In [2]:
import numpy as np

from sklearn.datasets import make_classification
from sklearn.model_selection import train_test_split
from sklearn.linear_model import LogisticRegression
from sklearn.metrics import accuracy_score, zero_one_loss, jaccard_score, confusion_matrix, \
    precision_score, recall_score, fbeta_score


# For reproducibility
np.random.seed(1000)

nb_samples = 500

In [3]:
# Create dataset
X, Y = make_classification(n_samples=nb_samples, n_features=2, n_informative=2, n_redundant=0,
                               n_clusters_per_class=1)

# Split dataset
X_train, X_test, Y_train, Y_test = train_test_split(X, Y, test_size=0.25)

In [8]:
# Create and train logistic regressor
lr = LogisticRegression()
lr.fit(X_train, Y_train)

print('Accuracy score: %.3f' % accuracy_score(Y_test, lr.predict(X_test)))
print('Zero-one loss (normalized): %.3f' % zero_one_loss(Y_test, lr.predict(X_test)))
print('Zero-one loss (unnormalized): %.3f' % zero_one_loss(Y_test, lr.predict(X_test), normalize=False))
print('Jaccard similarity score: %.3f' % jaccard_score(Y_test, lr.predict(X_test)))

Accuracy score: 0.992
Zero-one loss (normalized): 0.008
Zero-one loss (unnormalized): 1.000
Jaccard similarity score: 0.986


It seesm that zero-one loss: misclassification/total # of samples, ***without differentiating the types of error***. Another detail: ***"If normalize is True, return the fraction of misclassifications (float), else it returns the number of misclassifications (int). The best performance is 0."***

In [6]:
# Compute confusion matrix
cm = confusion_matrix(y_true=Y_test, y_pred=lr.predict(X_test))
print('Confusion matrix:')
print(cm)

print('Precision score: %.3f' % precision_score(Y_test, lr.predict(X_test)))
print('Recall score: %.3f' % recall_score(Y_test, lr.predict(X_test)))
print('F-Beta score (1): %.3f' % fbeta_score(Y_test, lr.predict(X_test), beta=1))
print('F-Beta score (0.75): %.3f' % fbeta_score(Y_test, lr.predict(X_test), beta=0.75))
print('F-Beta score (1.25): %.3f' % fbeta_score(Y_test, lr.predict(X_test), beta=1.25))

Confusion matrix:
[[56  1]
 [ 0 68]]
Precision score: 0.986
Recall score: 1.000
F-Beta score (1): 0.993
F-Beta score (0.75): 0.991
F-Beta score (1.25): 0.994


confusion_matrix: By definition a confusion matrix C is such that Cij is equal to the number of observations known to be in group i and predicted to be in group j.\
\
Thus in binary classification, the count of true negatives is C<sub>0,0</sub>, false negatives is C<sub>1,0</sub>, true positives is C<sub>1,1</sub> and false positives is C<sub>0,1</sub>(So in both axes, negative comes first by default).\
\
If you don't flip the confusion matrix, but want to get the same measures, it's necessary to add the ***pos_label=0*** parameter to all metric score functions.

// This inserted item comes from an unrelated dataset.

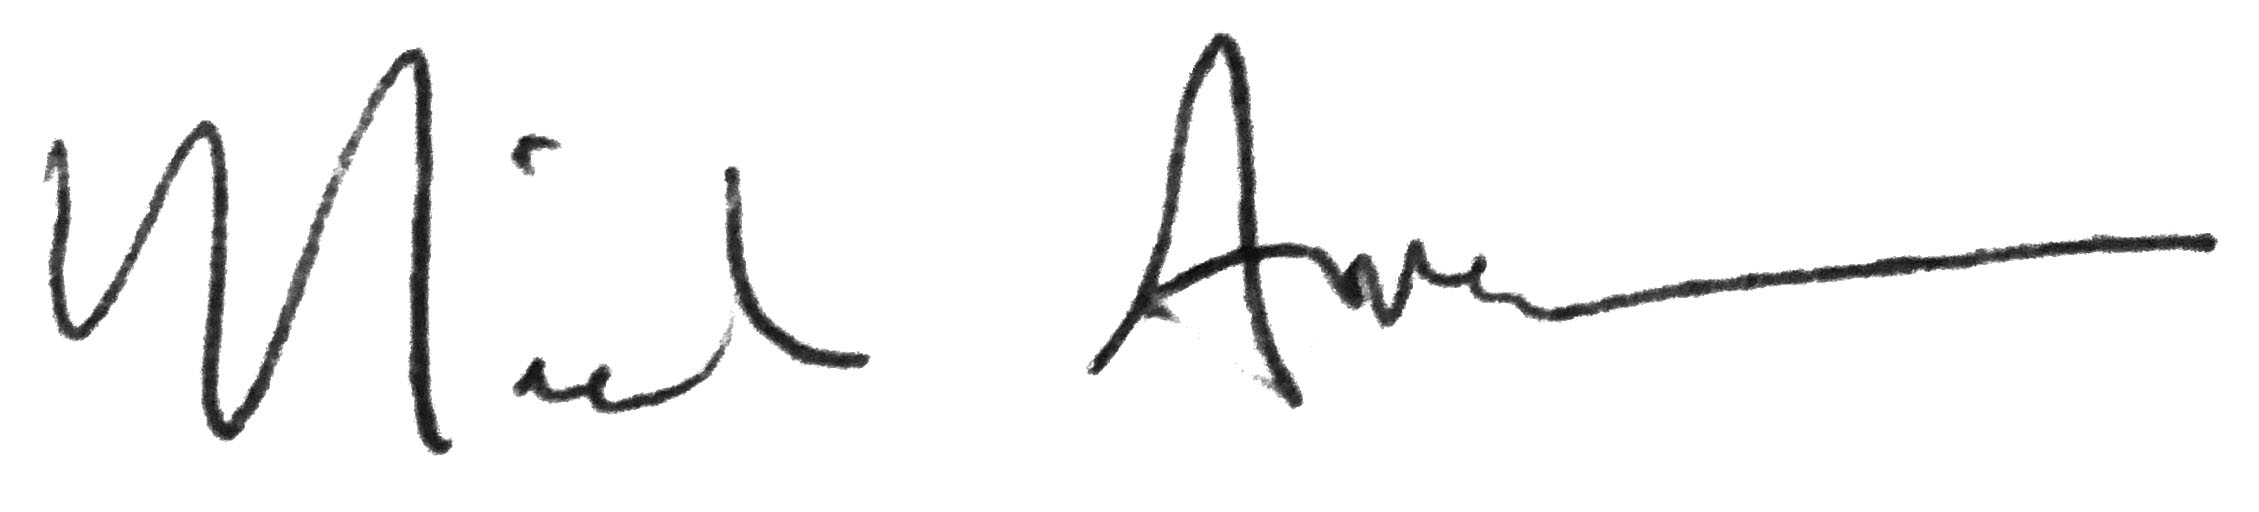 signature of Nicole Anderson
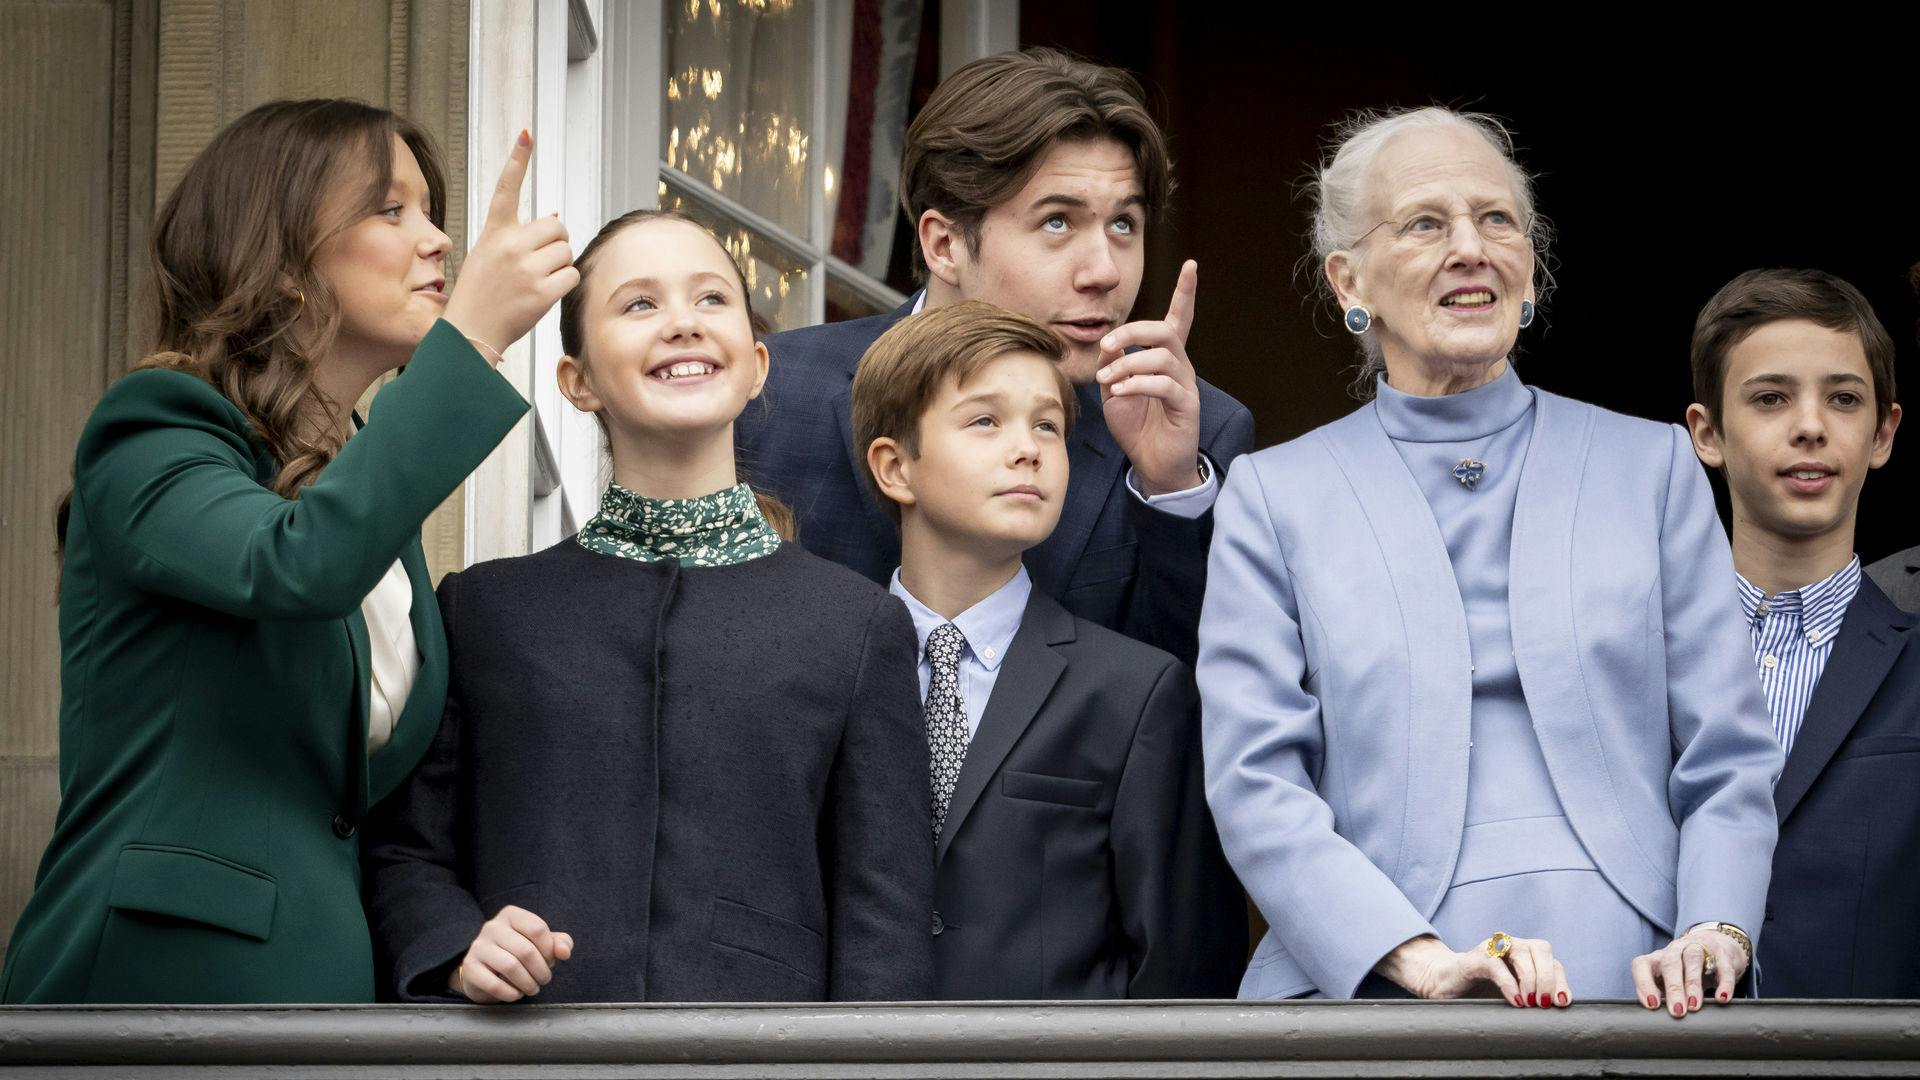 Dronning Margrethe, prinsesse Isabella, prinsesse Josephine, prins Vincent, prins Christian og greve Henrik i forbindelse med at dronningen fejrer sin 83 års fødselsdag på Amalienborg Slot i København, søndag den 16. april 2023.

***Precision = TP/(TP + FP)\
\
Recall = TP/(TP + FN)\
\
Jaccard Similarity Score = TP/(TP + FP + FN)\
\
Accuracy = (TP + TN)/(TP + FP + FN + TN)***\
\
Therefore, for what it's worth, Jaccard similarity score should be smaller than any of the other three.\ 

\\(F_{\beta} = (\beta^2 + 1)*\frac{Precision * Recall}{\beta^2Precision + Recall}\\)
\
\
Or, it can also be expressed as, \\(F_{\beta} = \frac{Precision * Recall}{\frac{\beta^2}{\beta^2 + 1}Precision + \frac{1}{\beta^2 + 1} Recall}\\)\
\
The most common F score is the case of \\(\beta = 1\\), where equal weights are given to precision and recall. The bigger the \\(\beta\\), the bigger emphasis will be placed on precision.

The highest score is achieved by giving more importance to precision (which is higher), while the least one corresponds to a recall predominance. \\(F_{\beta}\\) is
hence useful to have a compact picture of the accuracy as a trade-off between high precision and a limited number of false negatives.